Paula couldn’t help, but admire their professionalism. The arrow guns weren’t explosive — plasma cannons would have made short work of the Killer machines, at the risk of blowing up the entire team — and they would run out of projectile weapons. The suits could normally use nanotechnology to scavenge raw materials and create new ammunition, but that might not be possible on the Killer starship. Could their nanotech dismantle the machine in the room and what would happen if they did? Would it provoke another reaction…?

Provoke a reaction, she thought, slowly. Something was dancing right at the corner of her mind, refusing to come out into the light. Something important, something she was missing; the Killers hadn’t responded until… when? They hadn’t responded to the starships until they had been attacked; they’d even let the starships zoom close and unleash enough firepower to vaporise any other kind of starship, or devastate a whole planet. They’d been secure in their invulnerability… and they had ignored two hundred armoured Footsoldiers breaking into their starship, until they had found the column. There was something important about that column then, something so important that it had provoked a reaction…

She pulled up the results from the scans and examined them as the firing started again. The scans hadn’t been that deep — whatever the column was made of was good at blocking basic scans and there hadn’t been time to use nanotech probes to break through the metal — but they had definitely picked up traces of organic components and unidentified liquids. The column might have been just a bioelectric system, but that made no sense… unless it was part of the starship’s control system. No, she realised suddenly; it was more than that. The column had held a Killer! They had been looking at one of humanity’s greatest enemies and they hadn’t even known it.

The shooting was getting closer, but she ignored it, concentrating on studying the craft. If the Killer was actually meshed into the starship, like an oversized Spacer, it explained a lot. It probably hadn’t cared about the intruders until they’d actually stumbled upon the column and — perhaps — recognised it for what it was. It had sent its mechanical minions to terminate their curiosity; hell, perhaps it had decided to open a wormhole, travel somewhere else and exterminate the intruders away from their gnat-like starships. She couldn’t quite understand it. Where would such a creature even evolve?
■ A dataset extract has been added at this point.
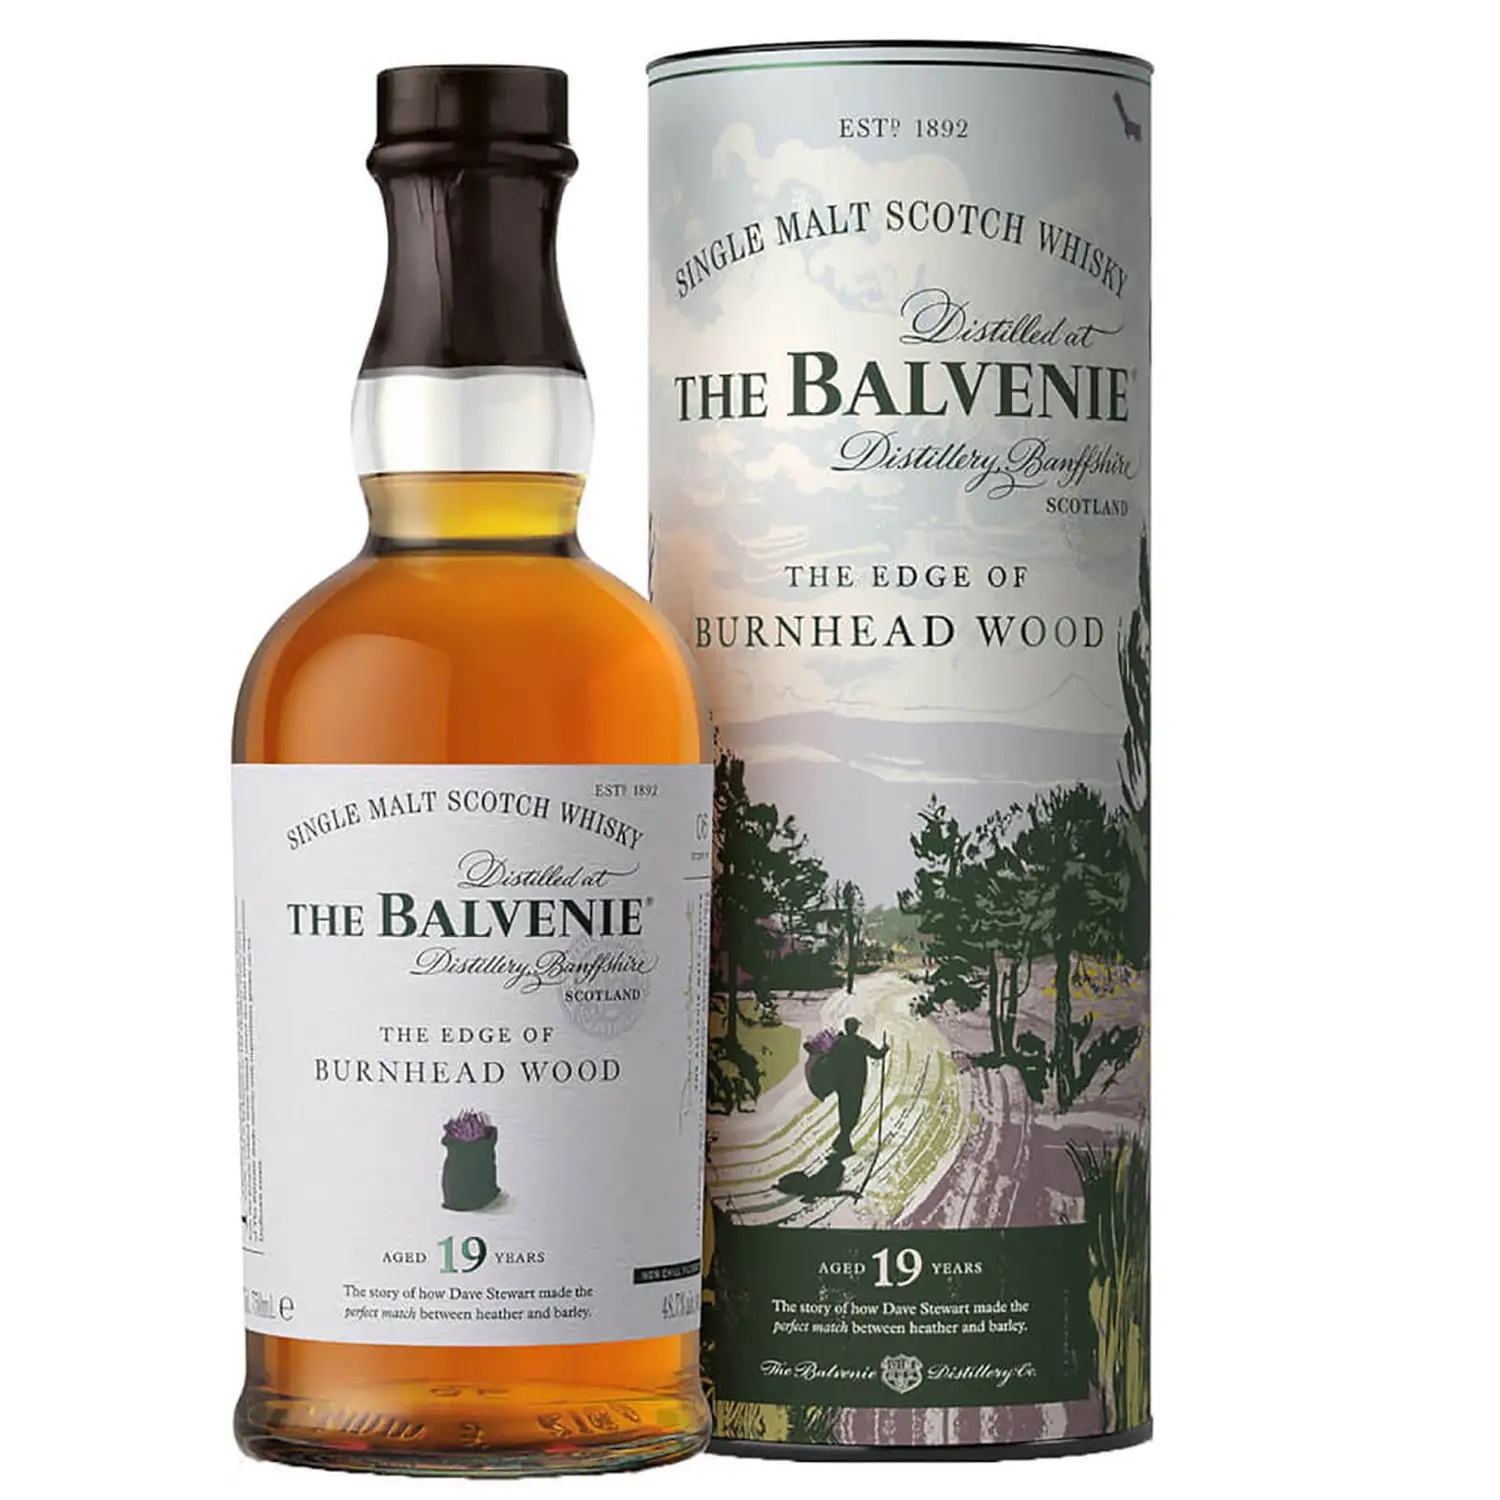 Balvenie 19 Year Old The Edge Of Burnhead Wood Single Malt Scotch Whisky 70cl Buy Online For
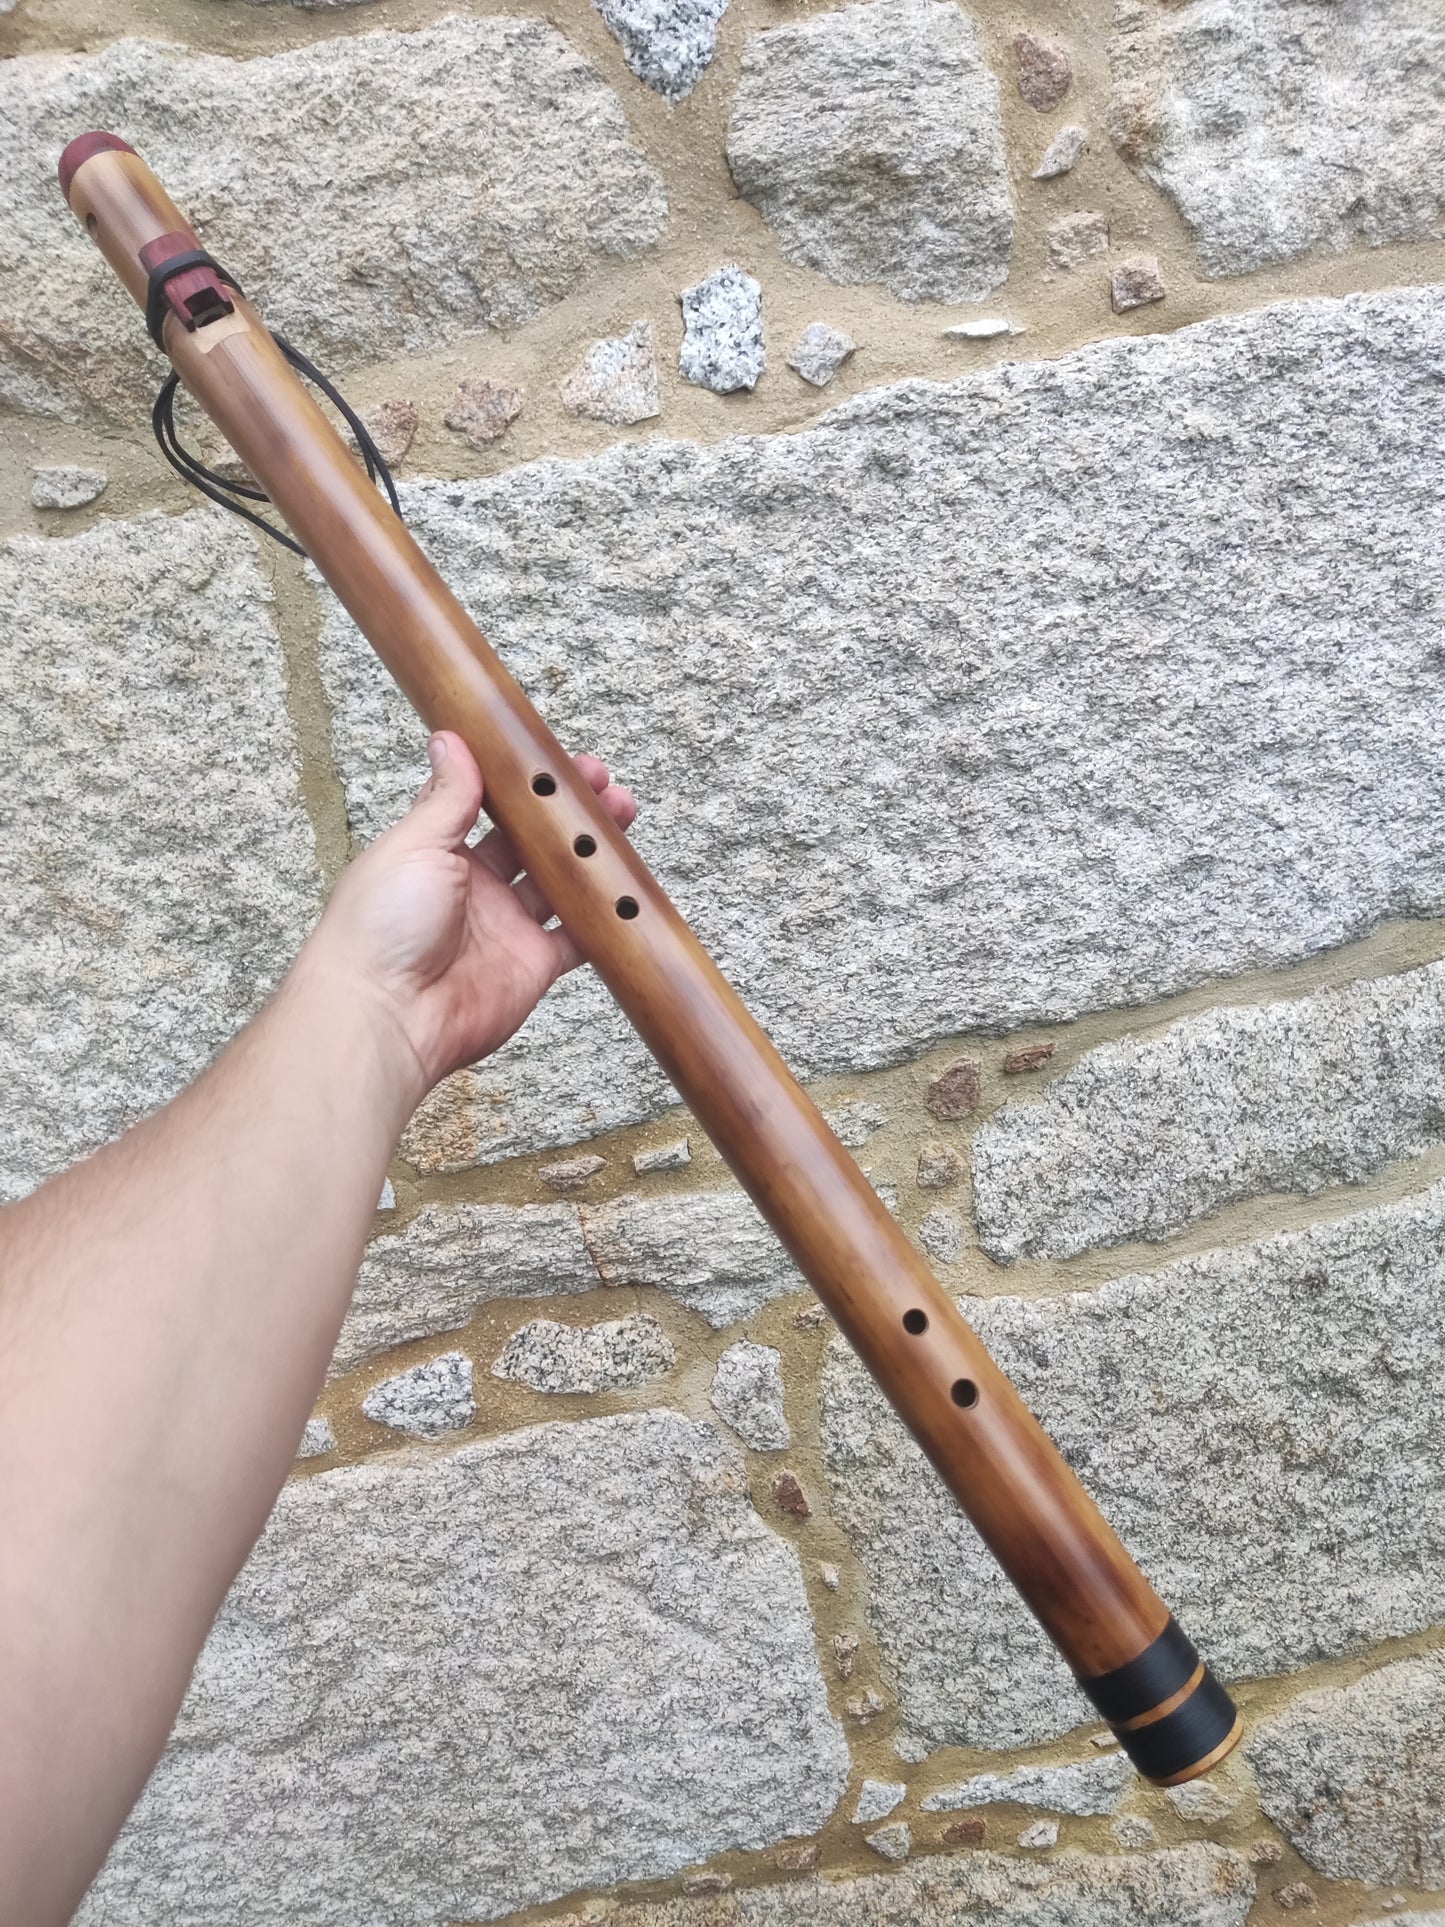 RESERVED FOR Anthony: Low A Akebono Flute built in the Native American Style at A432Hz

She looked down towards the billowing green mists and understood. The atmosphere matched that of a gas giant. The Killers might have evolved in such an atmosphere themselves and had created their starships, like humanity had created its starships, to make them feel comfortable. That explained the poisonous atmosphere — an effective defence against an unprepared enemy — and maybe even the gravity. It made a depressing kind of sense. Humanity had searched endlessly for the Killers and their homeworld, but no one had taken a serious look at the thousands of gas giants. They could have millions of inhabited worlds right under the noses of everyone who searched for them.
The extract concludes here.